For instance, recruiting franchisees that know their local area and the buying habits of local customers would be extremely useful for your delivery business. They may have insights and be more familiar with the geographical makeup of particular locations that you do not. As a result, this can allow for faster delivery times and other benefits.

However, you can only reap the rewards of these benefits if you set up your franchise correctly.

What Do I Need for a Franchise?

Before starting a franchise, you need to ensure that your business is ready for it. First, you need to have a successful pilot operation. Therefore, your business should have a point of difference that makes you successful, which your franchisees can replicate. This could be how you organise and plan your deliveries or the style of products you deliver. Consider what niche you can fulfil in the market, and capitalise on that.

From a legal perspective, it is also important that before franchising, your brand is protected, including through the registration of trade marks. 

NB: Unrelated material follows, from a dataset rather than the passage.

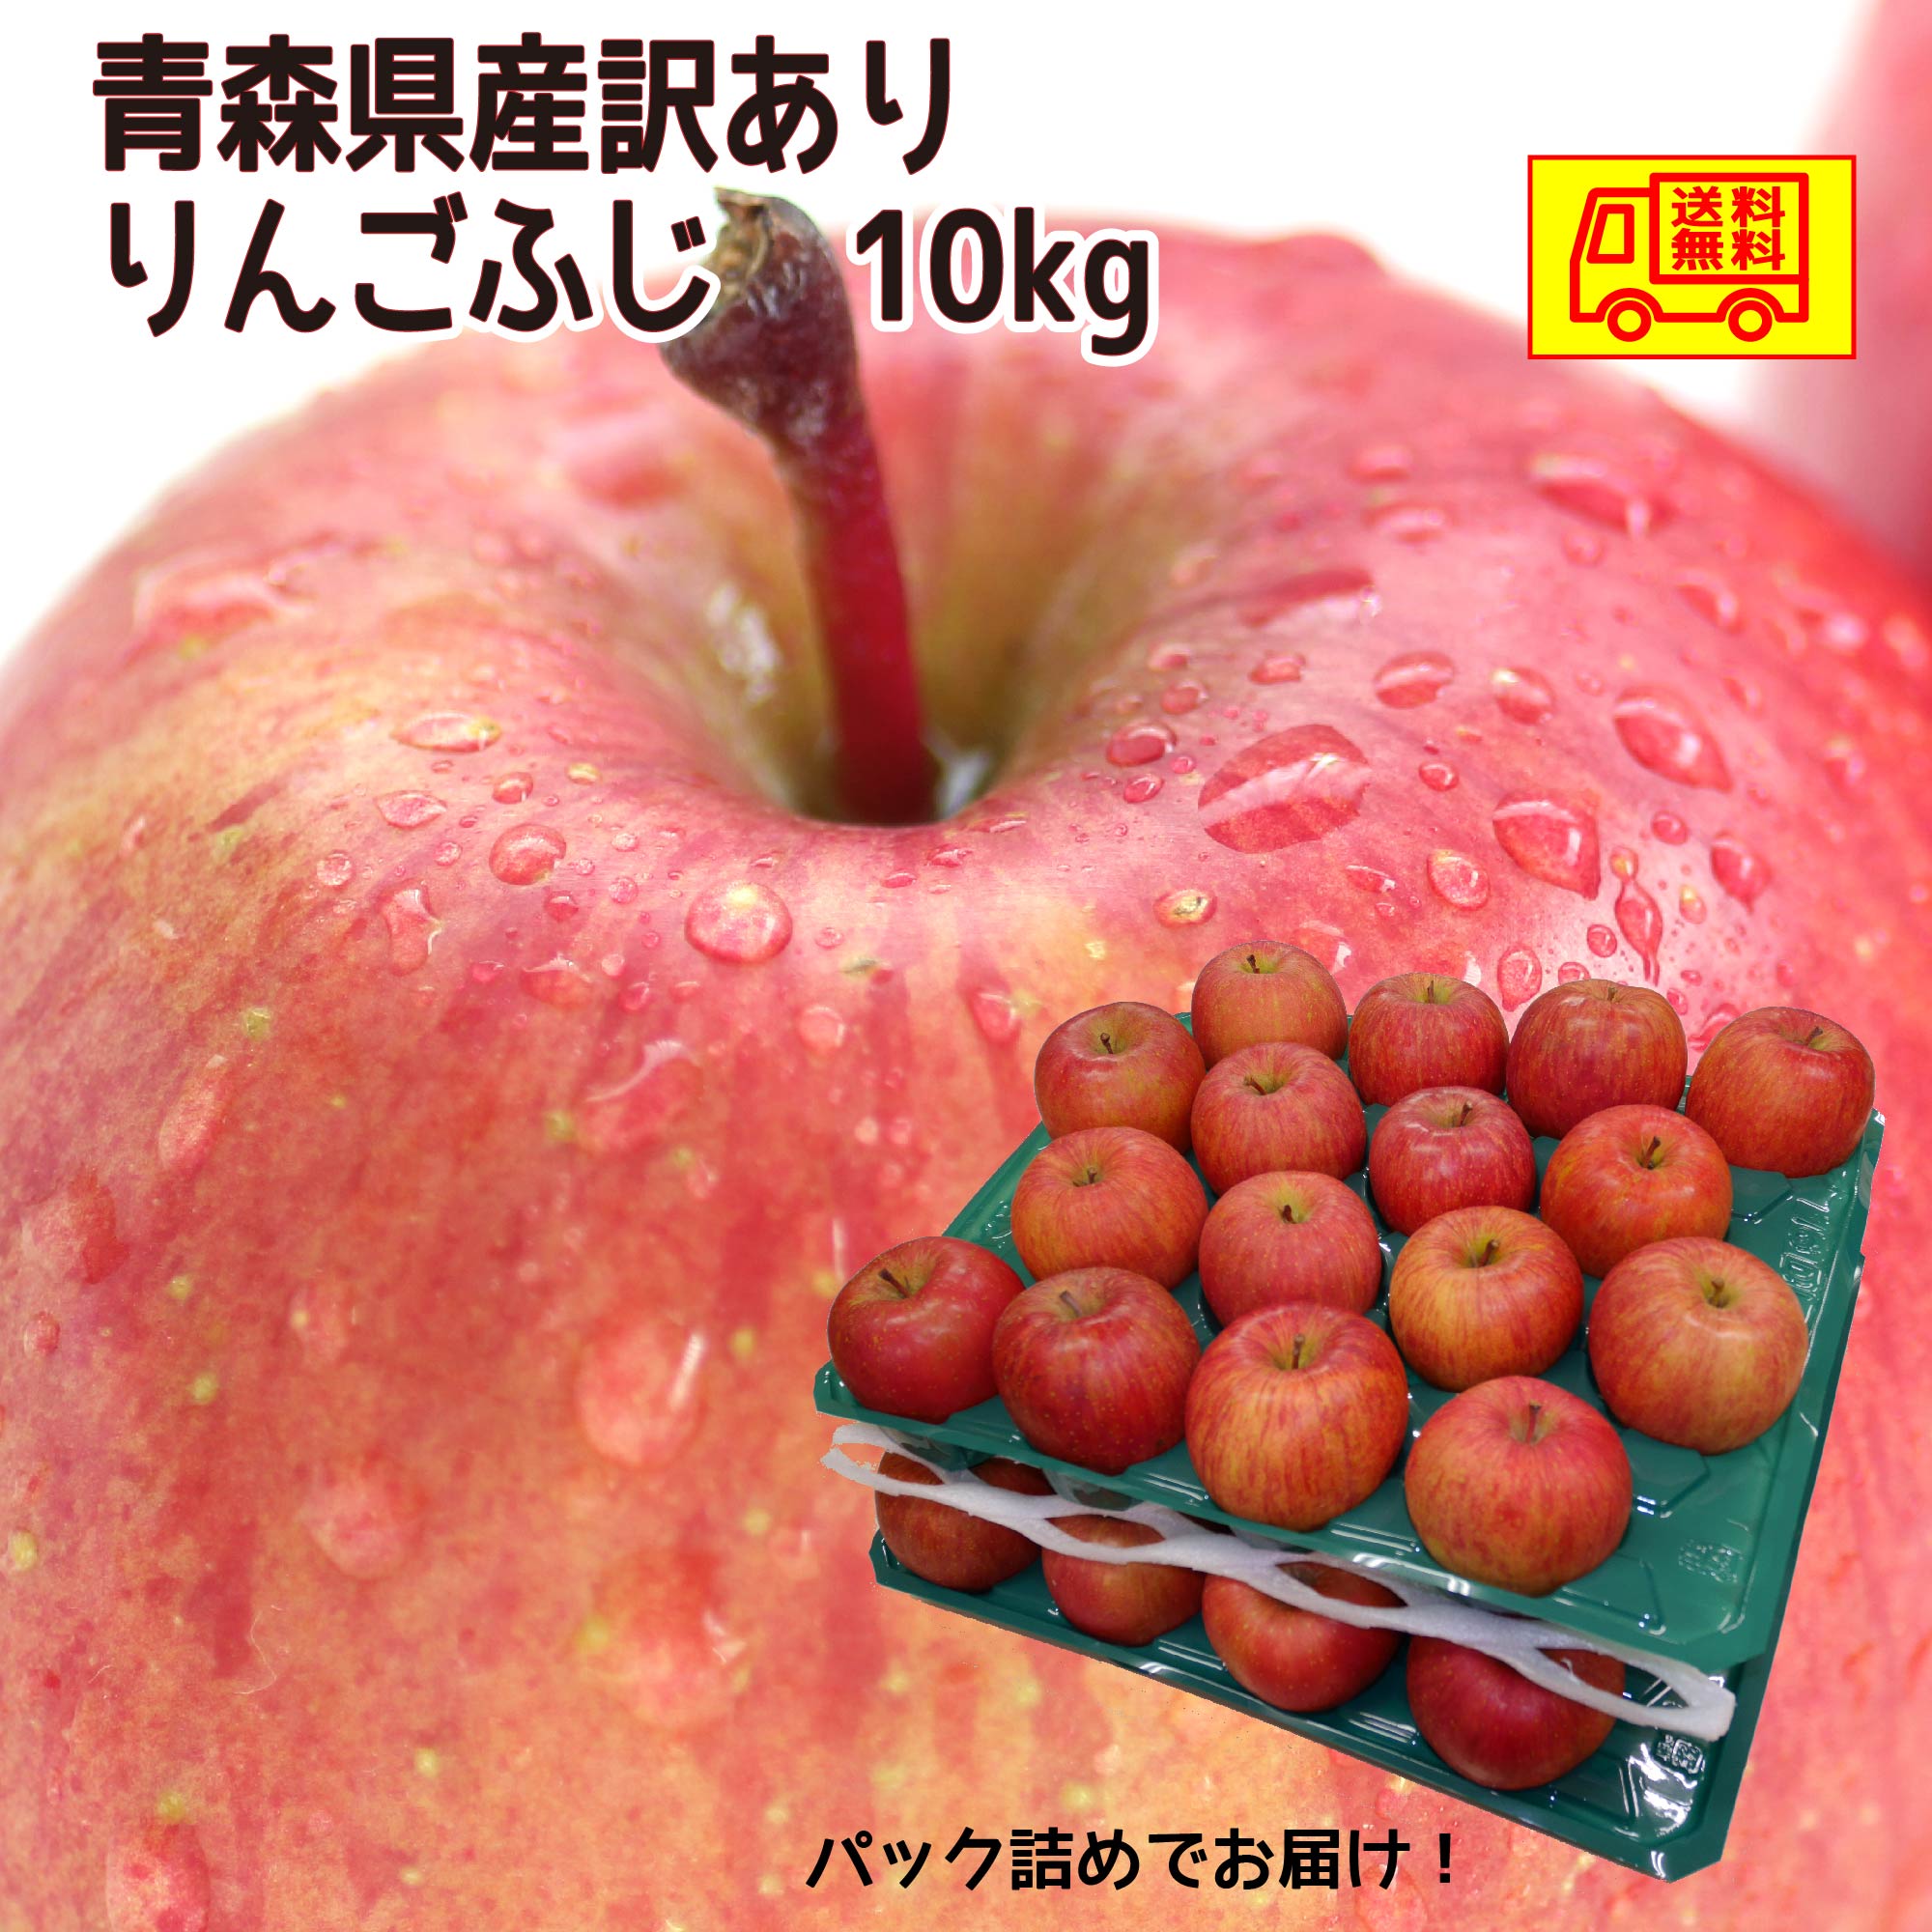 【ふるさと納税】自然の恵みいっぱいの葉とらずふじりんご 大玉 約5kg fz22-030 リンゴ 林檎 フルーツ 果物 お取り寄せ 送料無料

Additionally, you need to consider what makes your franchise attractive to franchisees. This fact will play into your recruitment strategies. Consider what franchise style you wish to create, including whether you want to give franchisees more or less control. Franchisees may prefer franchise opportunities with certain aspects, such as:

  • good work/life balance;
  • a business with a proven successful track record;
  • flexible hours;
  • working from home arrangements;
  • fair wages;
  • membership of the Franchise Association of New Zealand (FANZ); and
  • secure contractual relationships.

Crucially, you need to set out the terms of your relationship and other information in important documents, such as a:

Franchising a Delivery Business

Regarding your delivery business, how you franchise it will depend on what aspect your franchisees will replicate. You will also need to consider what support you will give them and what resources. For example, will you provide branded company vehicles for deliveries? Or will franchisees have to use their own vehicles? If you operate through an app or website booking system, this could allow for greater opportunities for franchisees to work from home, which may be more attractive for some.

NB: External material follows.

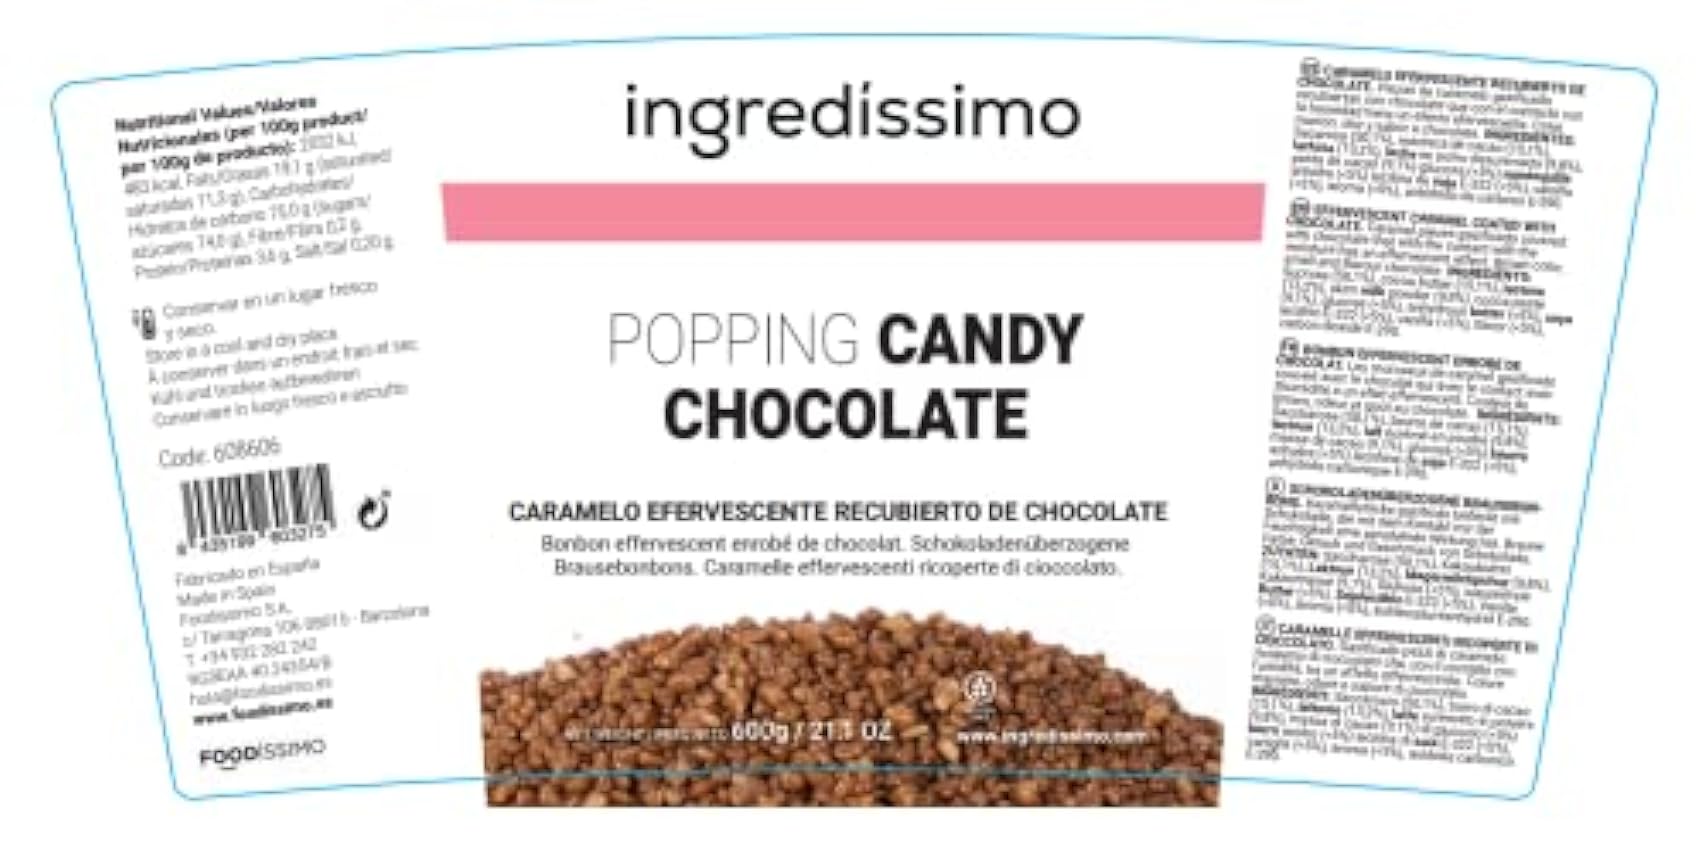 Ingredíssimo - Popping Candy Chocolate, 600 g, Topping de Piezas de Caramelo Gasificado, Decoración Comida, Recubiertas con Chocolate, Efecto Efervescente con Humedad, Color Marrón hPCAAbgg

What works for one franchise may not necessarily work for another, so you need to research what works for your particular market. Then, engage the aid of a franchise expert, who can give you tailored advice based on the unique position of your business.

Key Takeaways

Turning your delivery business into a delivery franchise can be a good way to grow your business and find new clients. First, however, you need to ensure your business is franchise-ready and appropriate for this model. This process requires good planning that tailors to your unique situation.

If you need help with franchising your delivery business, our experienced franchise lawyers can assist as part of our LegalVision membership. For a low monthly fee, you will have unlimited access to lawyers to answer your questions and draft and review your documents. Call us today on 0800 005 570 or visit our membership page.

Frequently Asked Questions

What is a franchise?

A franchise is a business model that you may use to grow your business. You, as the franchisor, allow other parties, the franchisees, to replicate your business operations to create their own success. In return, you grow your brand and receive various fees or royalties.

How can I franchise my delivery business?

You need to determine what locations have a demand for the deliveries you provide. Then, find franchisees in that area, and determine the ongoing support you provide them.